Chinese businesses should resort to multiple methods to ease pressures from the faster appreciation of the local currency, the yuan, against the US dollar, experts said.

To maintain a competitive edge, the companies needed to diversify export destinations as the yuan gained against the greenback while weakened against other major currencies, such as the euro and yen, said Yu Run, a Nanjing University finance professor.

The yuan, or renminbi (RMB), has gained 4.5 percent so far this year, compared with 6.9 percent for all of 2007. It breached the 7 yuan mark for the first time on Thursday since it was de-pegged from the greenback in July 2005 when the central parity rate was set at 6.9920 yuan against the dollar.

The companies could also sell more products at home as Chinese residents have recorded high income growth over the past couple of years, he added.

China-made goods were becoming less competitive with the faster appreciation of the yuan against the dollar, reducing US orders and profit margins for local firms.

An increasingly stronger yuan would also reduce exports and slow economic growth, said Cai Ruhai, a Central University of Finance and Economics professor. Exports, together with investment and consumption, have been hailed as the three engines of the country's development.
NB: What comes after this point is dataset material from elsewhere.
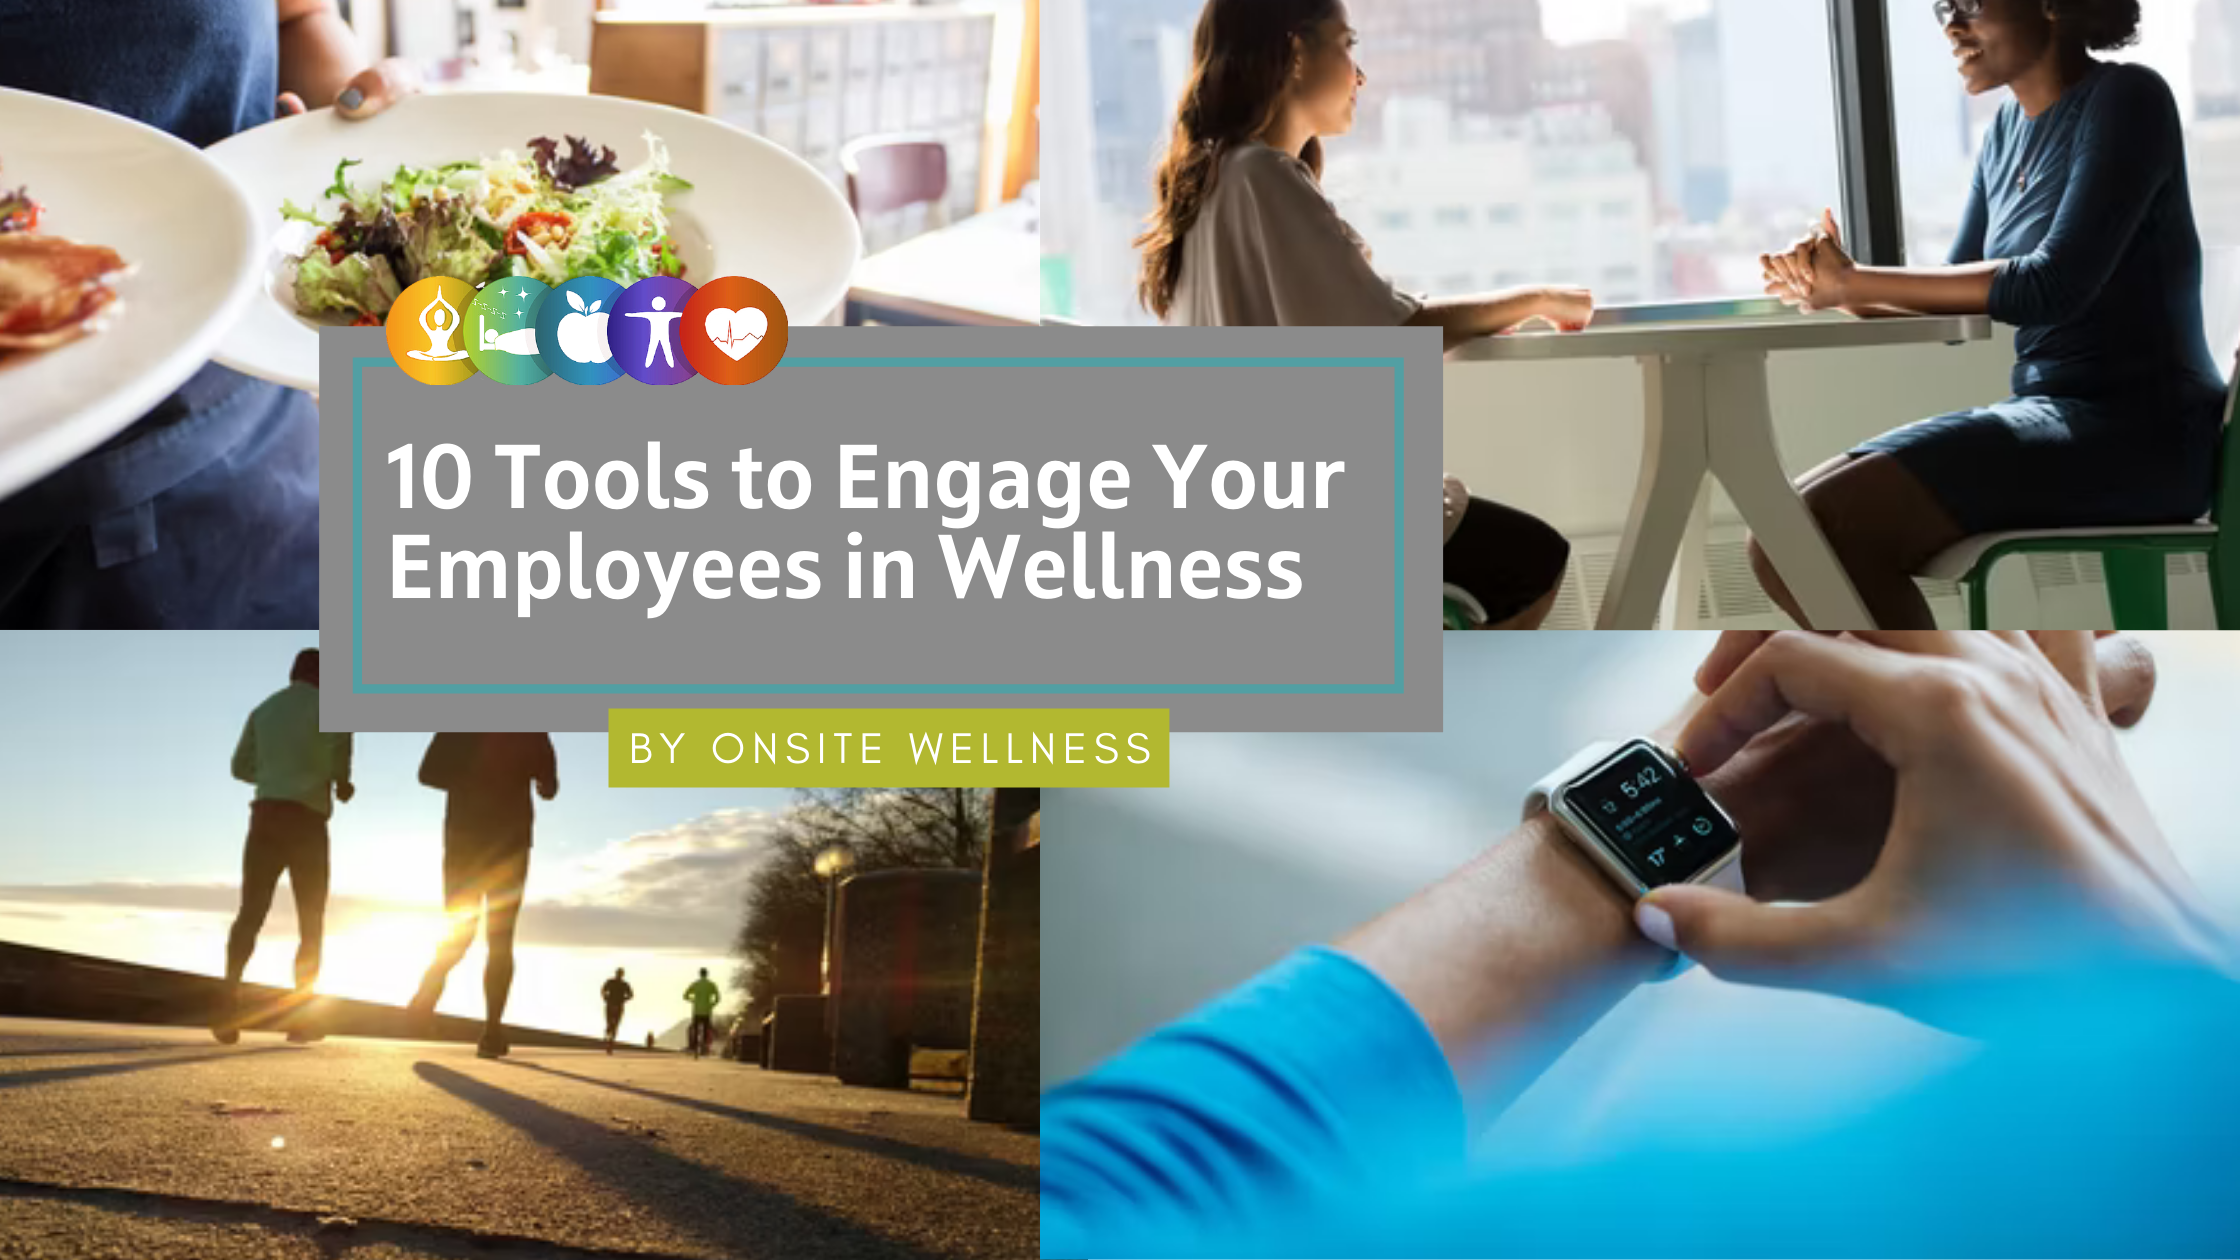 10 Tools to Engage Your Employees in Wellness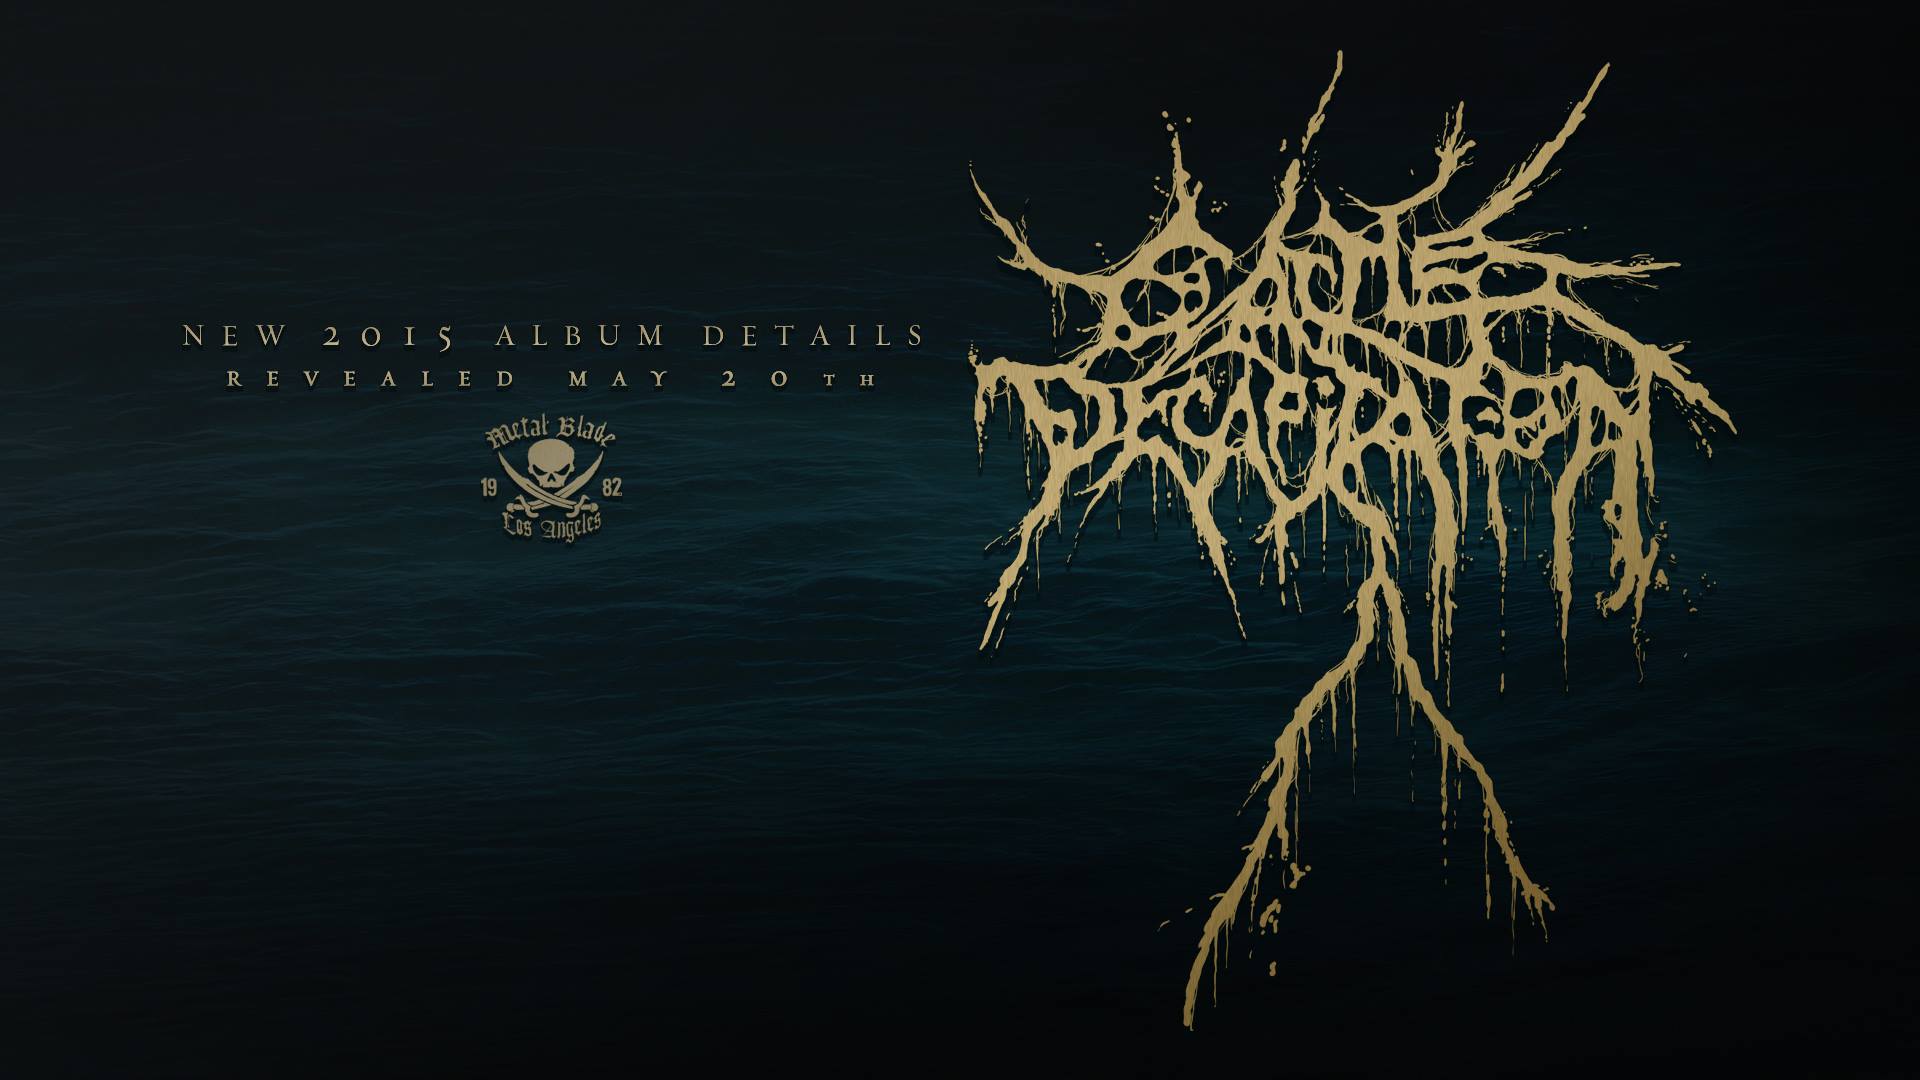 Cattle Decapitation Announcement of Announcement Blog Is Heavy

Many Western politicians and business people have accused China of keeping the exchange rate of the yuan artificially low to give domestic exporters an unfair advantage.

Zhang Erzhen, a Nanjing University trade professor, added the workshops of the world should boost technological innovation and speed up industry upgrades to produce more high-end products to raise profit margins.

Many experts have blamed the fast appreciation of the yuan for the shut downs and transfer of low-end manufacturers in the Pearl River Delta, China's major manufacturing base, to inland regions and bordering countries such as Vietnam, where production costs are cheaper.

Experts also said companies should learn to effectively tackle the risks brought about by the variation in exchange rates as it could tremendously affect corporate profits.

Many textile makers, the most vulnerable to a stronger yuan, were turning to non-US dollar currencies in pricing and settlement to offset rising losses from the weakening dollar, according to a survey by webtextiles.com, a major Chinese textile information website.